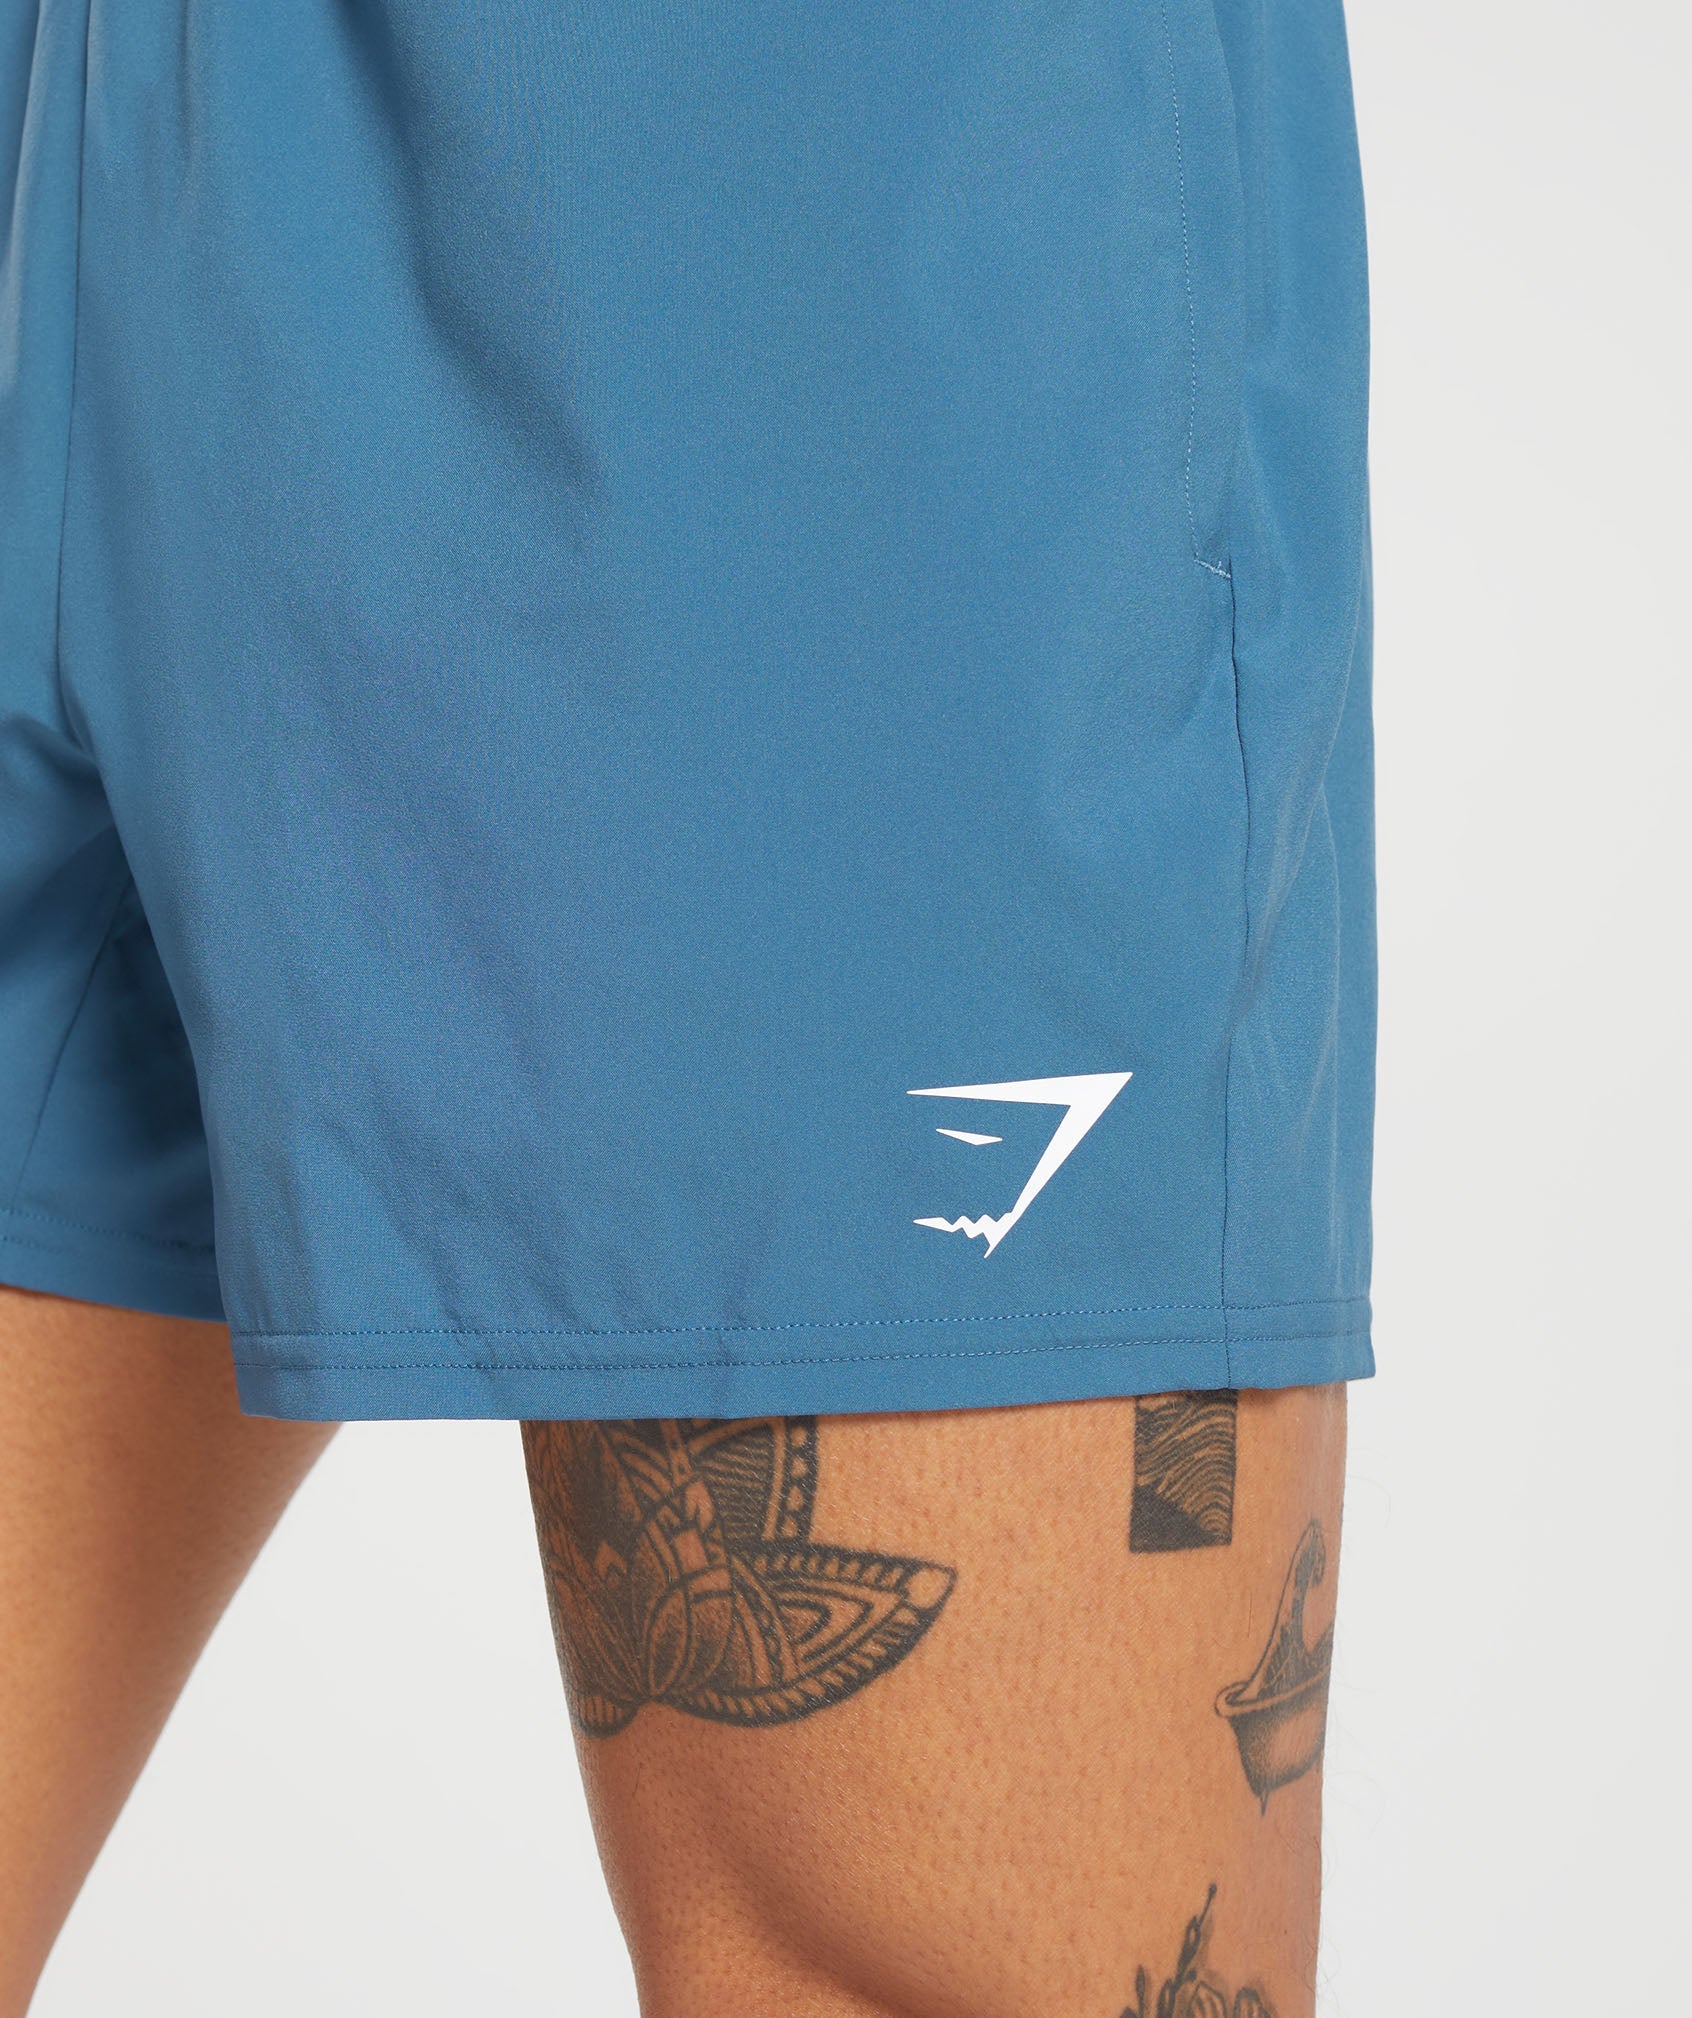 Arrival 5" Shorts in Utility Blue - view 5
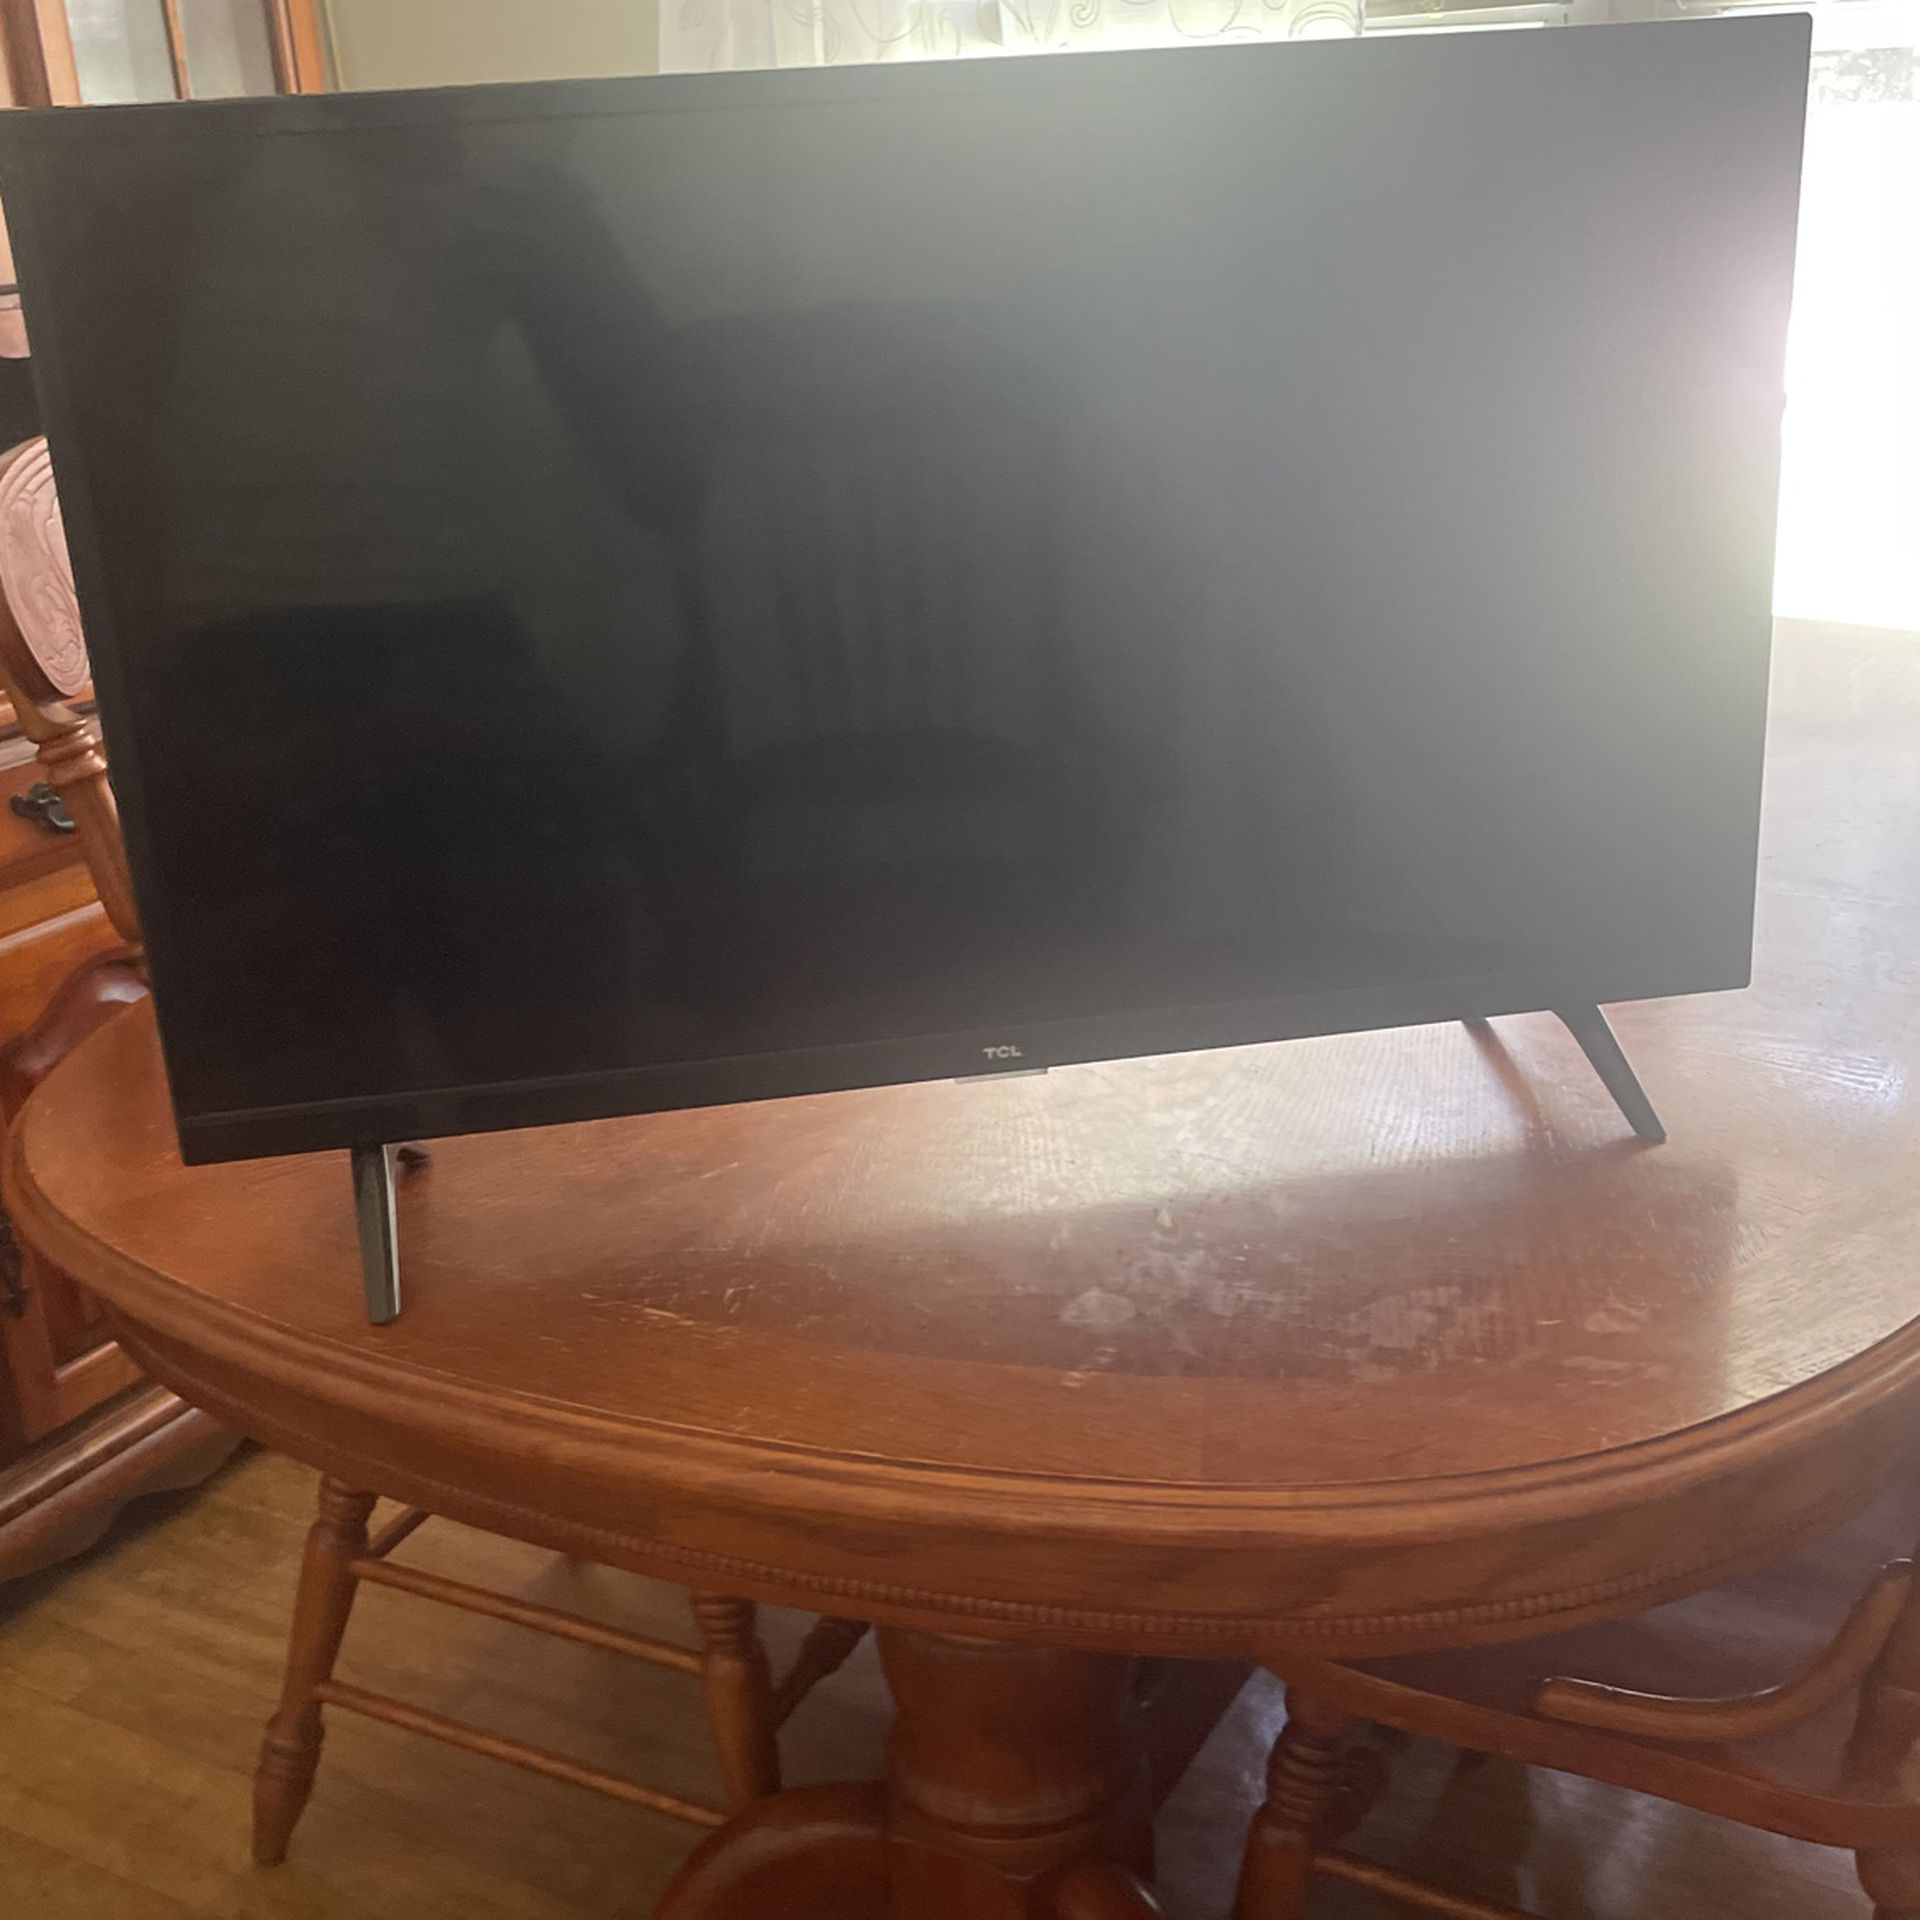 32 In TCL Smart Tv
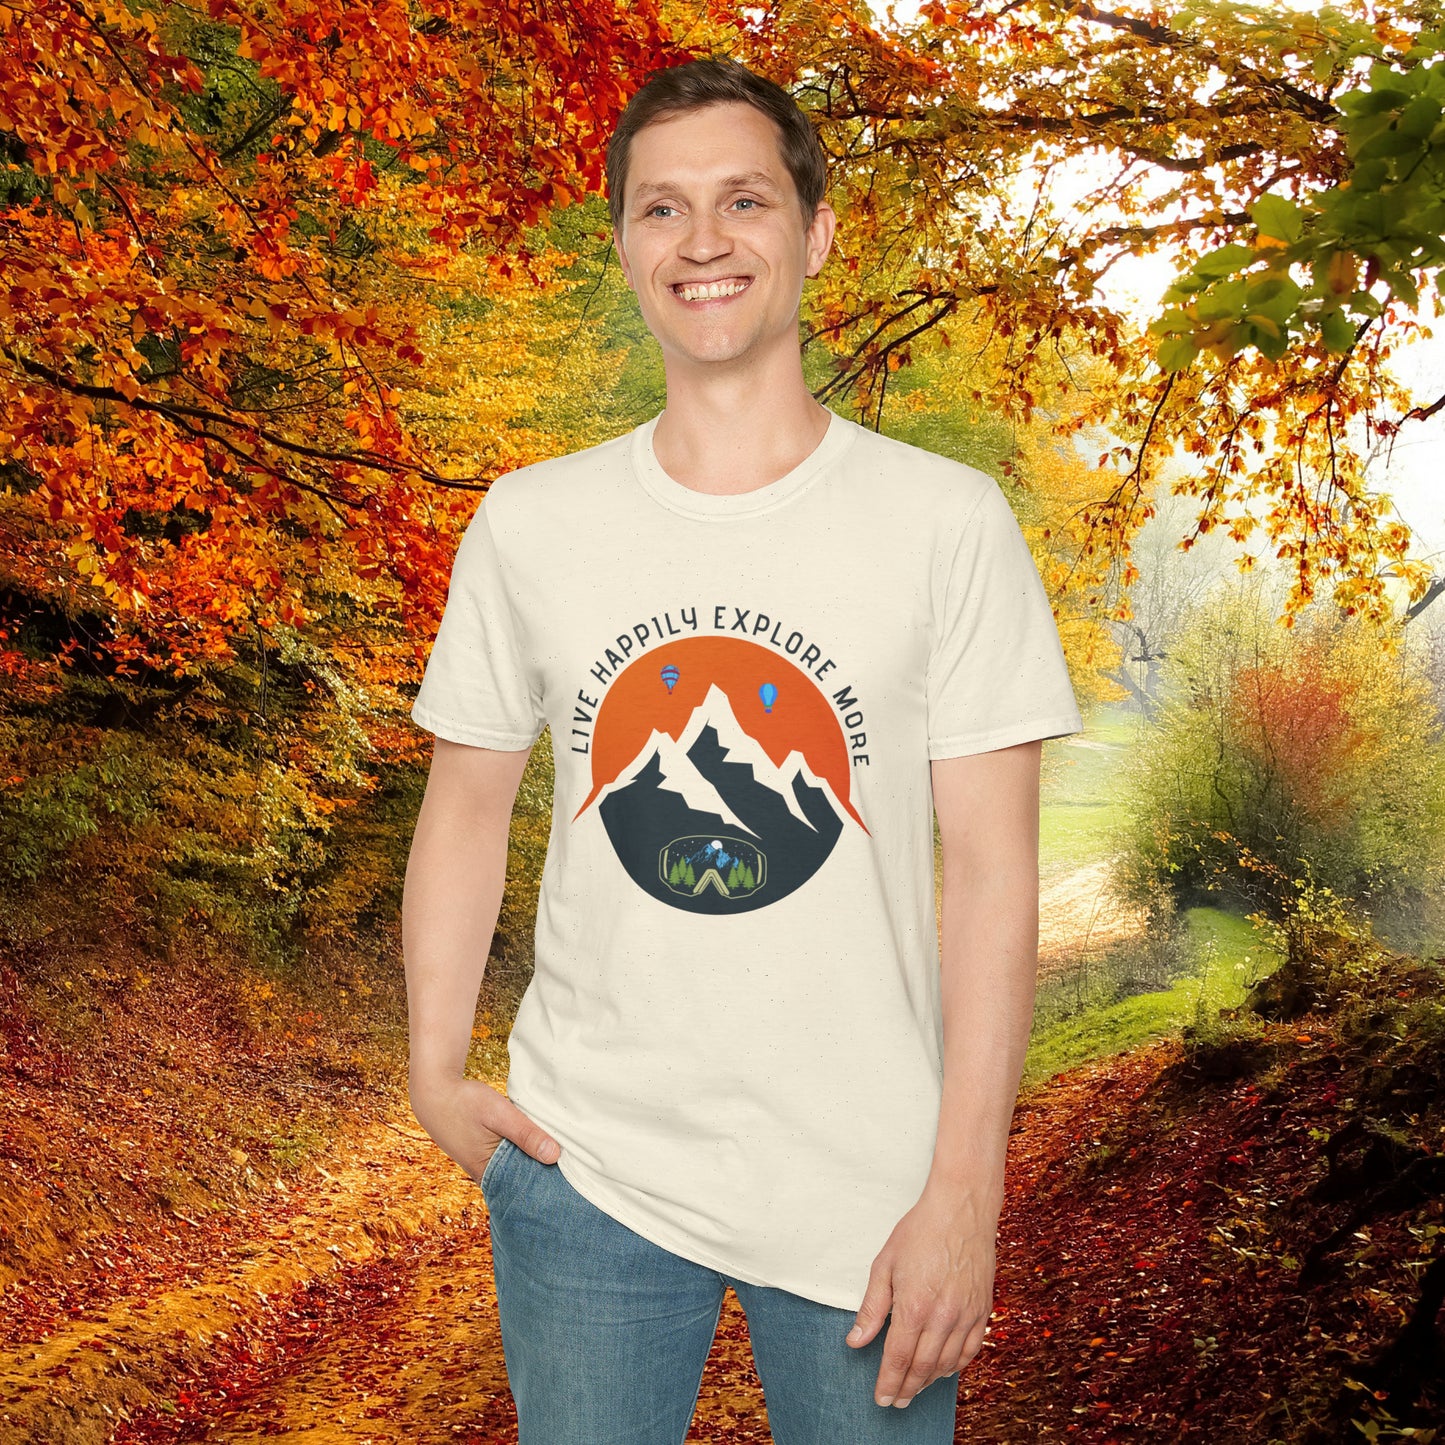 “LIVE HAPPILY EXPLORE MORE” message on this mountain sports inspired Unisex Softstyle T-Shirt.

WORK INSTRUCTION → The expected answer is the full listing above, transcribed exactly and without pictures.

TASK ANSWER →
 Arrival 5" Shorts in Utility Blue - view 5
 32 In TCL Smart Tv
 “LIVE HAPPILY EXPLORE MORE” message on this mountain sports inspired Unisex Softstyle T-Shirt.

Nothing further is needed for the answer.